Another powerful feature is mass migration from one group/zone to another. For example, in the event of an emergency or large scale maintenance, a simple script could update the semaphore definitions in a batch to change the group pattern effectively moving all the tasks to a different zone. Because Hazelcast handles data replication and availability, the change to the definitions can be made on any member in the cluster and it immediately becomes visible to all members.
In addition to the semaphore definition UI, the gatekeeper can periodically dump state information to a log file to help with debugging and monitoring. The example output below shows the type of information that can be easily displayed and searched by any log management tools.
Limitations
Hazelcast is designed to prefer availability over consistency; therefore in a split-brain, network partition scenario, Hazelcast will remain available on each side of the network partition and could potentially allow more than one node to acquire a semaphore permit. Depending on your network structure, acquirer and group patterns, and sensitivity to duplicate executions in these scenarios, a quorum solution may be more appropriate. One approach may be to use Hazelcast's Cluster information to implement a quorum check as part of the gatekeeper logic.

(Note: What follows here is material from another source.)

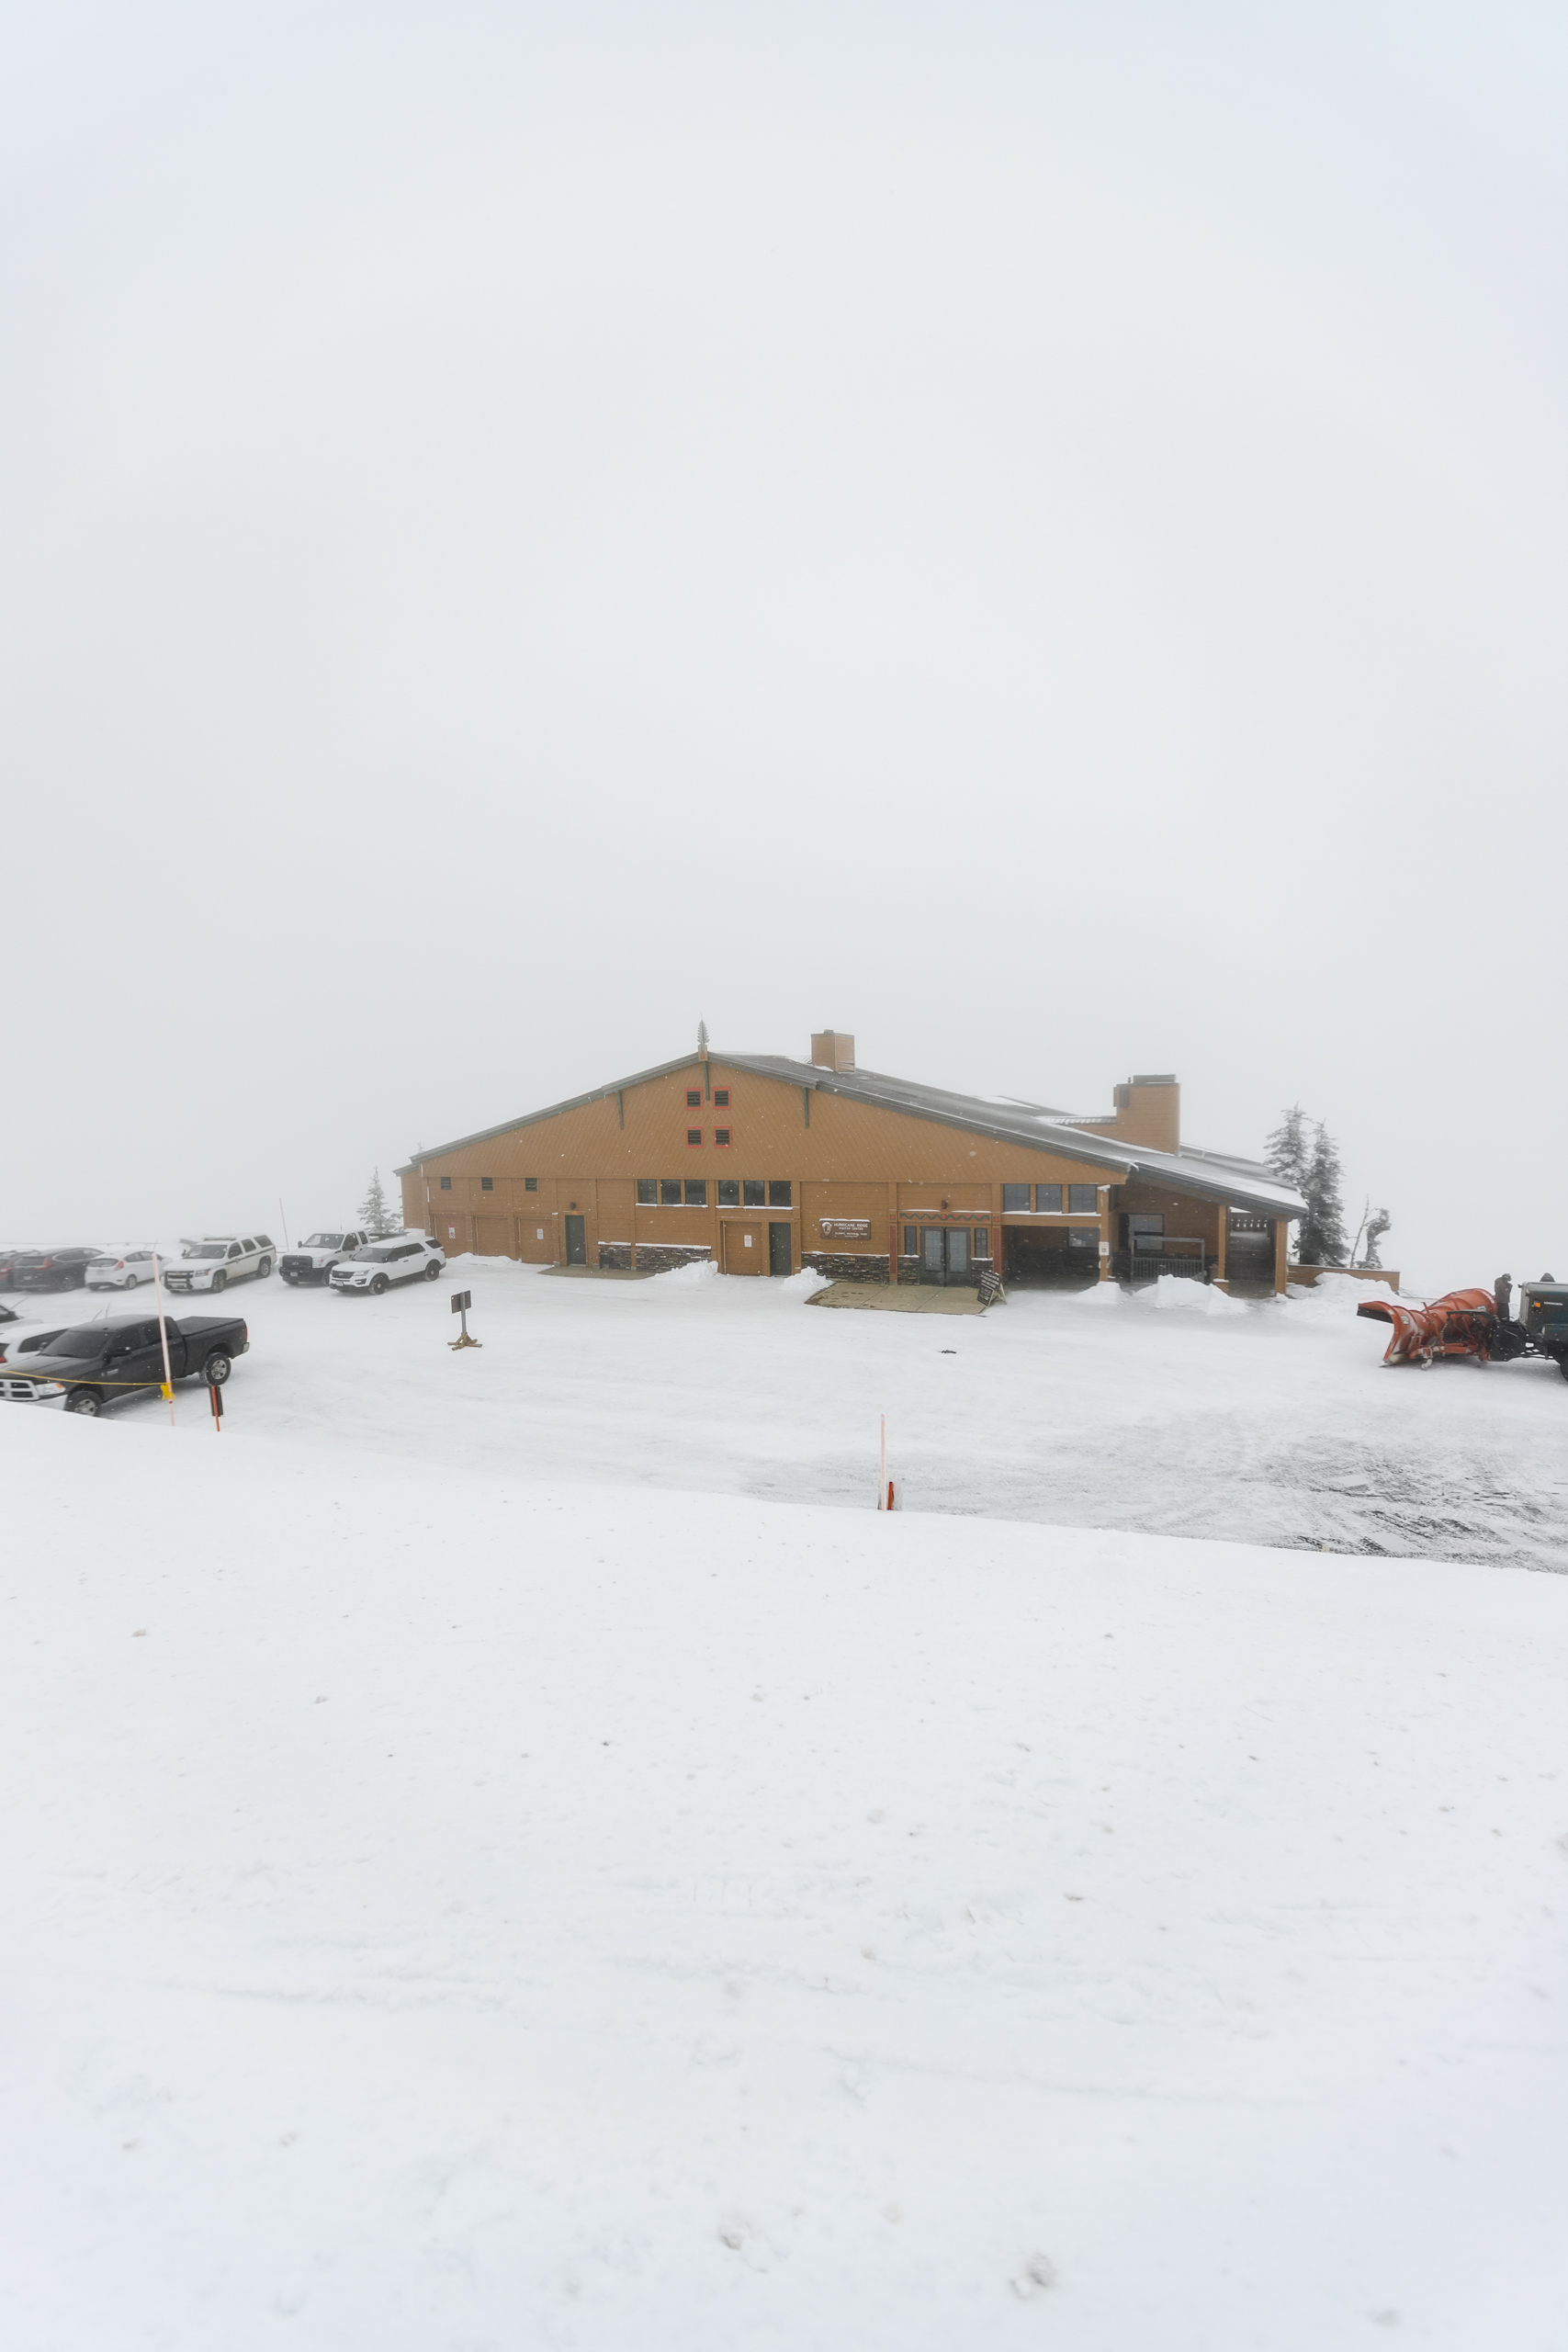 A wooden building in a snowy setting. Vehicles and a snowplow parked nearby.

It is important to note that there may be a delay from when a semaphore definition is updated to when the task can start on the new node/group depending on if the existing permit owner releases the permit or simply lets it expire. For tasks that may run every few minutes or hours this probably isn't an issue. However if the application has strict task failover or migration time requirements, allowing permits to expire at a fixed duration may not be acceptable.
Wrapping Up
The solution presented is not a turnkey library or framework but it shows how Hazelcast can be used to perform task coordination and control with just a little custom code. For more complex applications or larger deployments, an existing tool such as ZooKeeper or etcd may be more appropriate but a simpler approach may make sense for a number of use cases including:
- The application is already using Hazelcast for caching, distributed computing, or messaging.
- More flexibility/customization for task coordination is needed than an existing solution offers.
- There is no shared database or the task coordination scheme is incompatible with the database replication scheme.
- The solution should be embedded in the existing application/services rather than requiring additional hardware or processes.
If you're looking for a powerful and flexible communication, coordination, and control mechanism for your application, checkout the Hazelcast documentation and see if it can work for you. As a distributed in-memory grid exposing basic data structures and distributed computing functionality, it can take over or be the foundation for many of the more complex requirements of microservices architectures.